Очнулась я на узком неудобном диване в небольшой комнатке. Под потолком висели тенета паутины и плавали клубы дыма. Я закашлялась.
— Ах, прости, Полин, — бросился ко мне Доминик. — Я переволновался и закурил трубку. Сейчас загашу.
Он открыл окно, чтобы проветрить комнату, и выколотил трубку о подоконник.
— Вот не знала, что табачным дымом можно приводить в чувство обморочных барышень, — пошутила я. — Где я? Как я сюда попала?
— У меня дома. Я живу неподалеку и попросил помочь отнести тебя ко мне. Ничего страшного, тебя даже не задело, ты просто испугалась, когда лошади толкнули тебя.
— Лошади… — Я вспомнила, как выбежала из пивной, не разбирая дороги.
— Как ты себя чувствуешь? — Молодой человек присел на край дивана.
— Голова болит, — поморщилась я. — Где моя сумочка? Подай мне ее.
Незаметно для себя я стала называть его на «ты».
Доминик протянул мне сумочку, я достала из нее нюхательные соли и несколько раз сильно вдохнула. Не уверена, что они помогают, однако привычка пользоваться ими в критические моменты жизни успокаивала не менее самих солей.
— Мне нужно идти. — Я встала с кровати, но голова закружилась, и мне пришлось сесть снова.
— Не торопись. Может, ты голодна?
— Нет, спасибо, ничего не надо.
— Что ты собираешься делать?
— Соберу вещи и на вокзал. Мне здесь больше делать нечего.
— Но почему? Неужели этот художник так насолил тебе, что ты даже не хочешь видеть его? А вдруг все не так, как рассказывают эти болтуны?
— Я чувствую, что они говорили правду.
— Что тебя задело? То, что у него связь с натурщицей? Полно… С кем не бывает? Натурщицы — девушки легкомысленные. А ты — настоящая красавица. Не думаю, что у твоего художника что-то серьезное с Сесиль.
— Зато я отношусь ко всему более чем серьезно.
— Полин, останься, прошу тебя! Посмотришь Всемирную выставку и новое творение инженера Эйфеля — его башню. А сколько в Париже удивительных мест! Я буду твоим гидом.
— Спасибо, Доминик, но я не могу.
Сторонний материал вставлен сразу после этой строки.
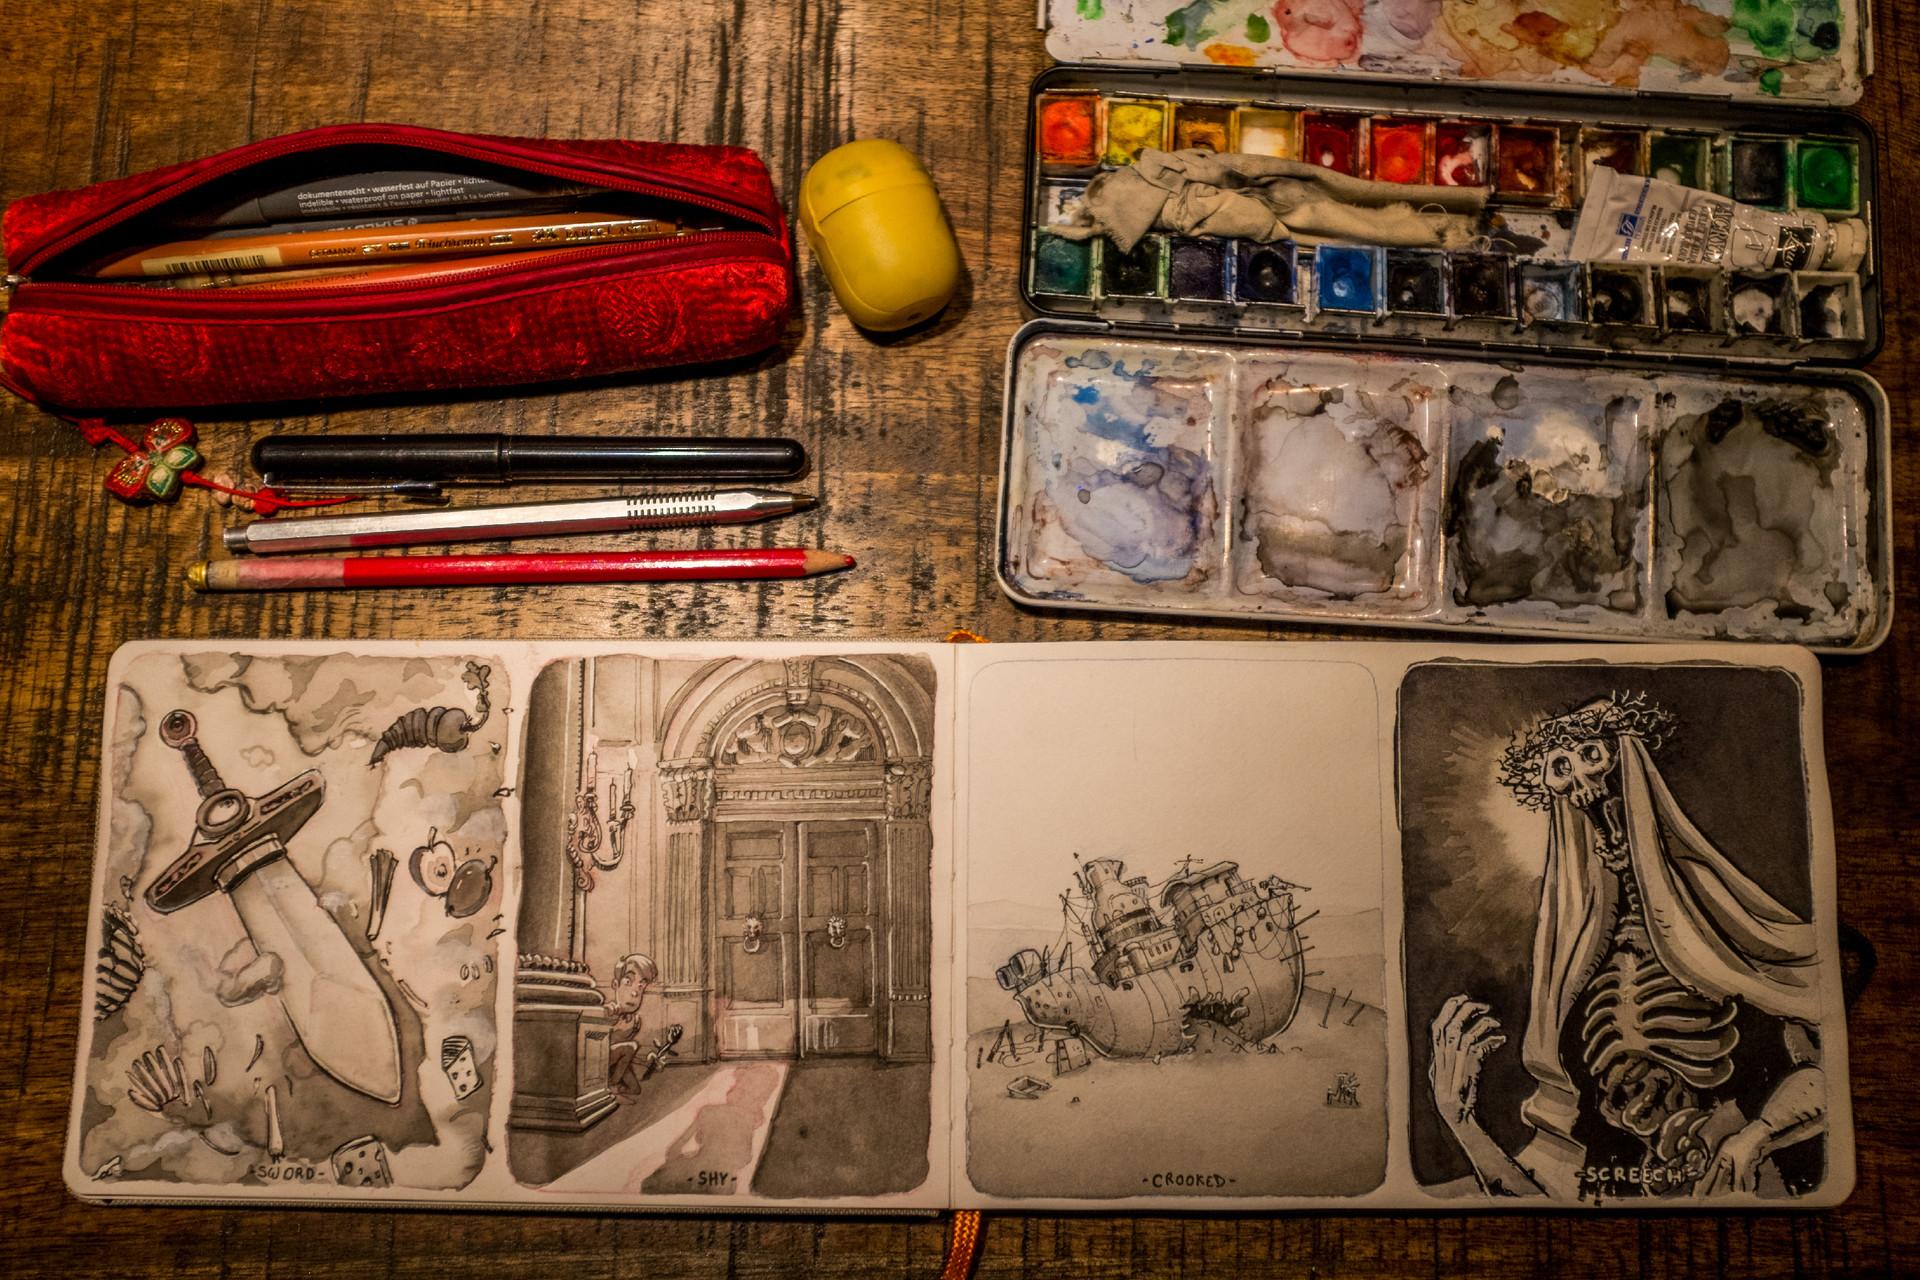 Vincent derozier vincent derozier drawings 14

Найди мне фиакр. Мне пора, я и так уже здесь задержалась.
Он вышел из комнаты. Я быстро привела себя в порядок, пригладила волосы, надела шляпку и принялась ждать. Плювинье отсутствовал недолго.
— Я поеду с тобой, — сказал он, усаживая меня в фиакр.
— Нет, — покачала я головой и приказала кучеру: — «Отель Сабин» на авеню Фрошо!
Увидев меня, хозяйка расплылась в улыбке.
— Мадам Авилова, как хорошо, что вы вовремя вернулись. Через четверть часа у нас обед. Переодевайтесь и спускайтесь в столовую.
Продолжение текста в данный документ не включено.